- From: Julian Reschke <julian.reschke@gmx.de>
- Date: Mon, 17 Mar 2008 13:48:18 +0100
- To: Mark Nottingham <mnot@mnot.net>
- CC: HTTP Working Group <ietf-http-wg@w3.org>
Mark Nottingham wrote:
> 
> I think we've actually made progress on this; AFAICT, we seem to be 
> moving towards removing the generic text WRT RFC2047 encoding and 
> replacing it* with something that says that individual headers need to 
> nominate an encoding mechanism directly, and giving guidance on when 
> they should do so (roughly, wherever something is a candidate for 
> display and/or user input).
Right. Let's clarify which of the HTTP/1.1 headers allow RFC2047-style 
encoding; and let's also document a sane solution for new headers.
> Is that where we're at?
> 
> If so, the next step would be to craft recommendations / requirements 
> about what that mechanism will be. Possibilities discussed;
> 
> a) RFC2047
I haven't seen any evidence this being implemented.
> b) UTF-8
Unfortunately, RFC2616, Section 4.2 currently states:
     message-header = field-name ":" [ field-value ]
     field-name     = token
     field-value    = *( field-content | LWS )
     field-content  = <the OCTETs making up the field-value
                      and consisting of either *TEXT or combinations
                      of token, separators, and quoted-string>
Thus, if we take that as final word, we can't use anything but Latin1, 
thus need to encode non-Latin-1 characters.
> c) Something from BCP137 section 5
...which would be \u'nnnnnn' or &#xnnnnnn;...
> d) IRI->URI
> Separately, we'd need to open new issues for specifying these encodings 
> for the field-values of:
>   - From
...this one is currently defined in terms of RFC2822, Section 3.4...
>   - Warning
Currently explicitly refers to RFC2047.
>   - Content-Location
 >   - Location
 >   - Referer
These are URI references. No non-ASCII characters anyway.

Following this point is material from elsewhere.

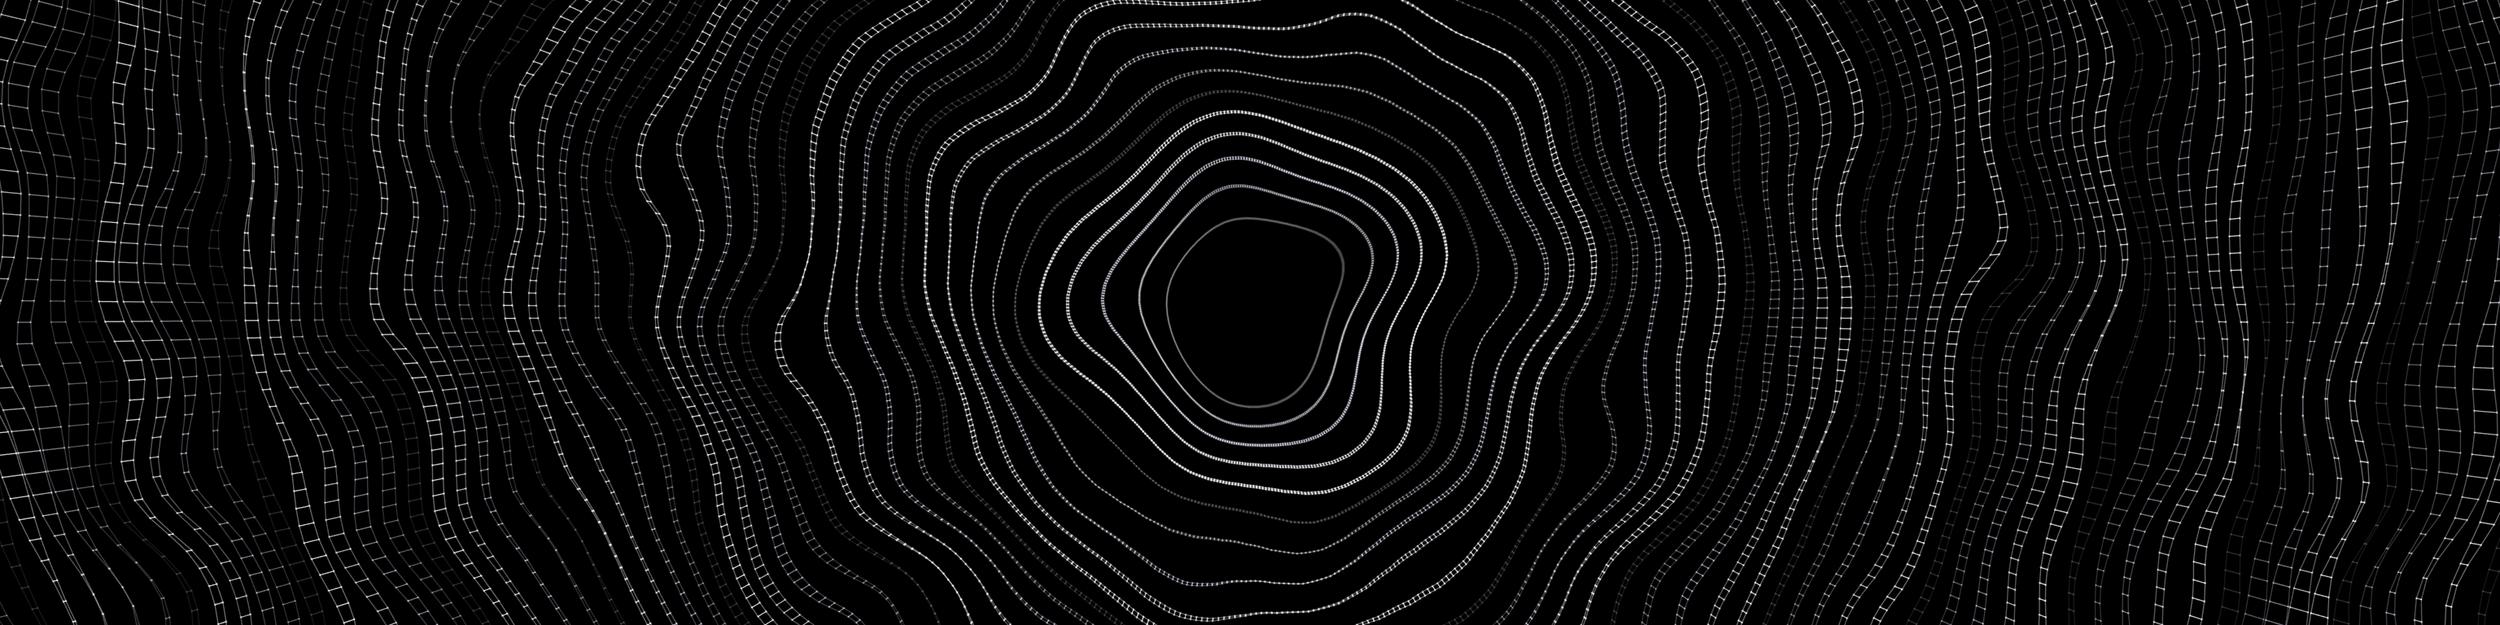 NoiseFormLayer 2014-09-11-17-02-49-209.png
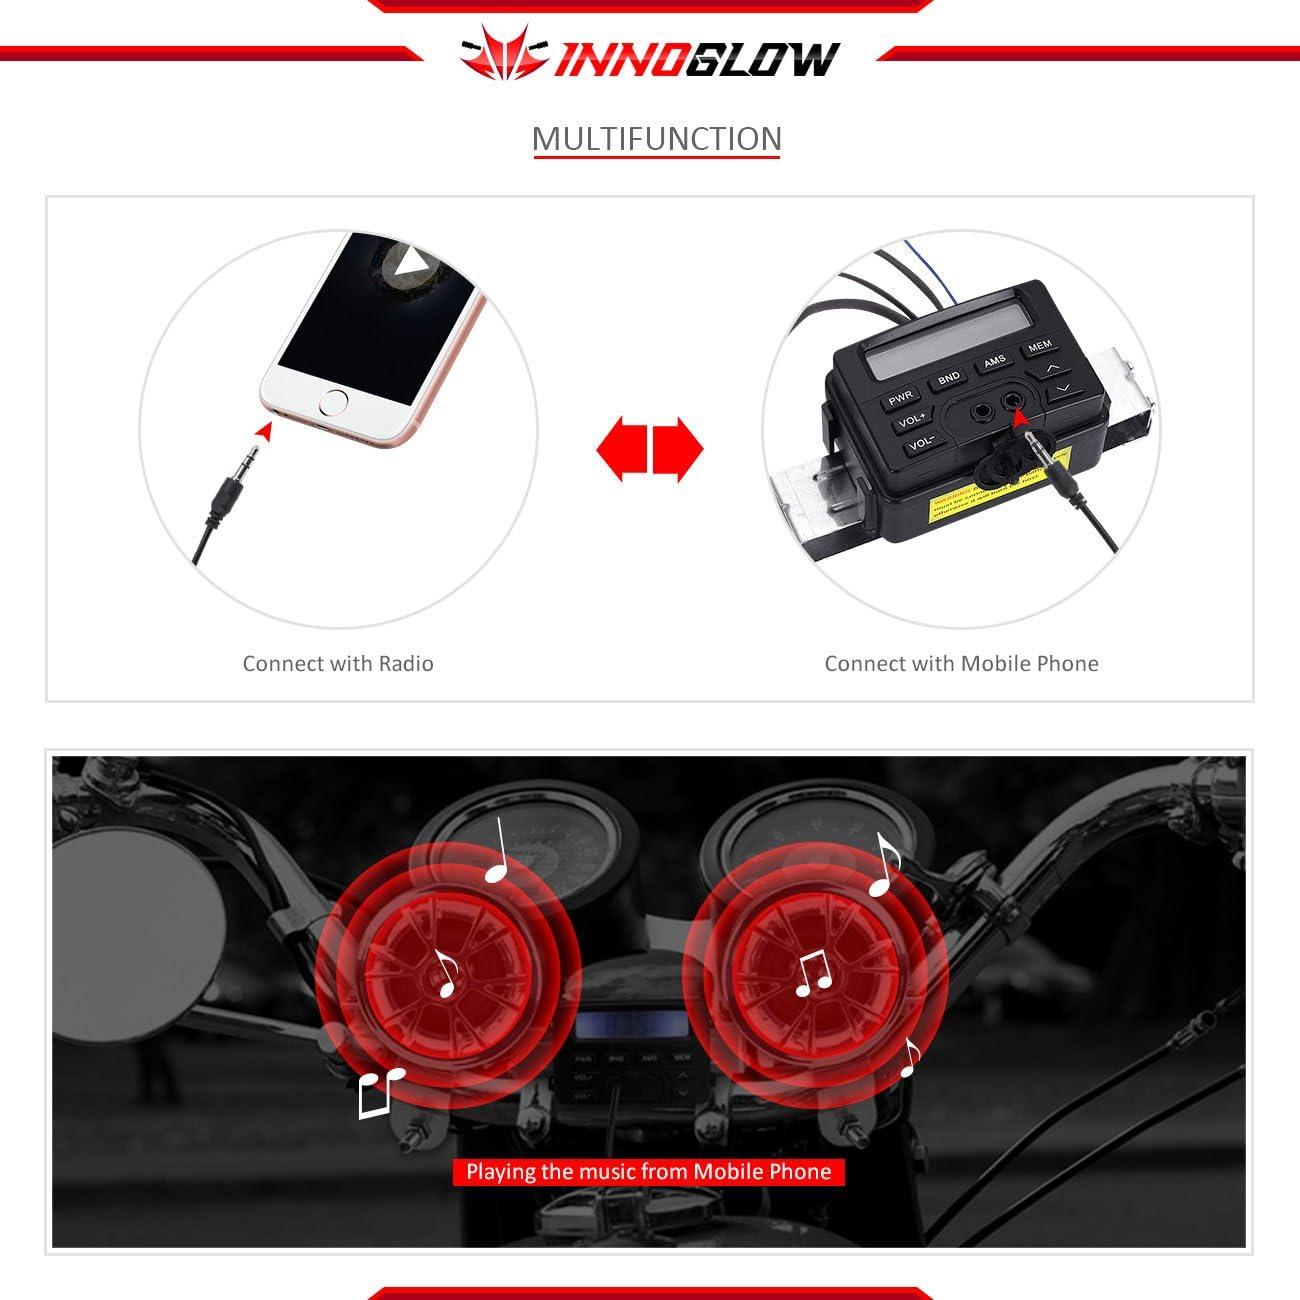 INNOGLOW Motorcycle Stereo Speakers Waterproof Handlebar Mount MP3 Music Player Audio Radio Amplifier System for Honda VT ATV Shadow Spirit Velorex Deluxe 600 750 1100

>   - Content-Dispostion (?)
Content-Disposition uses I18N *inside* the parameters, for which there 
already is RFC2231.
> Am I overlooking anything?
Reason-Phrase, for instance. In general, we need to answer whether 
RFC2047 applies to everything using "comment" or "quoted-string".
> * It isn't actually replacing it, it's moving it to something specific 
> to the field-value of headers. I don't hear anyone talking about 
> internationalising other protocol elements at this point...
BR, Julian
Received on Monday, 17 March 2008 12:49:13 UTC